# Top knot grooming question on 5 mo old



## Dechi (Aug 22, 2015)

Why don't you show her a picture of something you like on your smart phone or tablet ? Find some close ups of the face, as well as whole body images. She is probably not used to grooming poodles, that's why you need to be so precise. But this is dangerous because we're not groomers ourselves.


----------



## fjm (Jun 4, 2010)

If you can't find a suitable picture, I would ask the groomer to shave the face but leave the topknot strictly alone as you want to grow it out. You may want to consider whether to also ask her to letthe neck hair grow out where it meets the topknot at the back, depending on how it was trimmed last time.
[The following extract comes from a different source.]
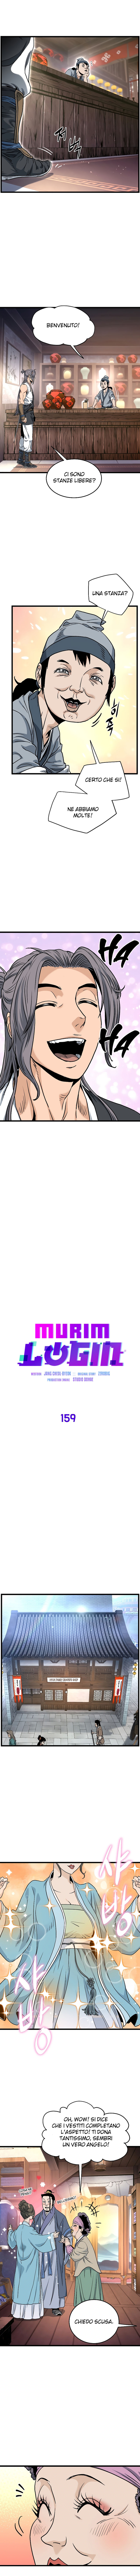 Murim Login - ch 159 Zeurel

By the next visit there should be enough hair to consider a restyle, and then you really will need photos!


----------



## Michele (Jan 20, 2015)

Dechi- she grooms poodles regularly. She does a great job on my other spoo. I think it's more a puppy thing. She did tell me last time that she really only knows how to cut the top knot in the one-way. Since this is the typical way, she does a perfect job on that. I am just not ready for my pups head to be cut like that and I am wanting to try a longer style on her. 
I agree about the pictures and am on it. If anyone has a picture of their topknot cuts (or no cuts) they like to share, I'd love to see them.


----------



## CharismaticMillie (Jun 16, 2010)

Do you have a photo of how it looks now? Honestly, I thought the topknot looked great before! It was just the body that was left too full for the topknot.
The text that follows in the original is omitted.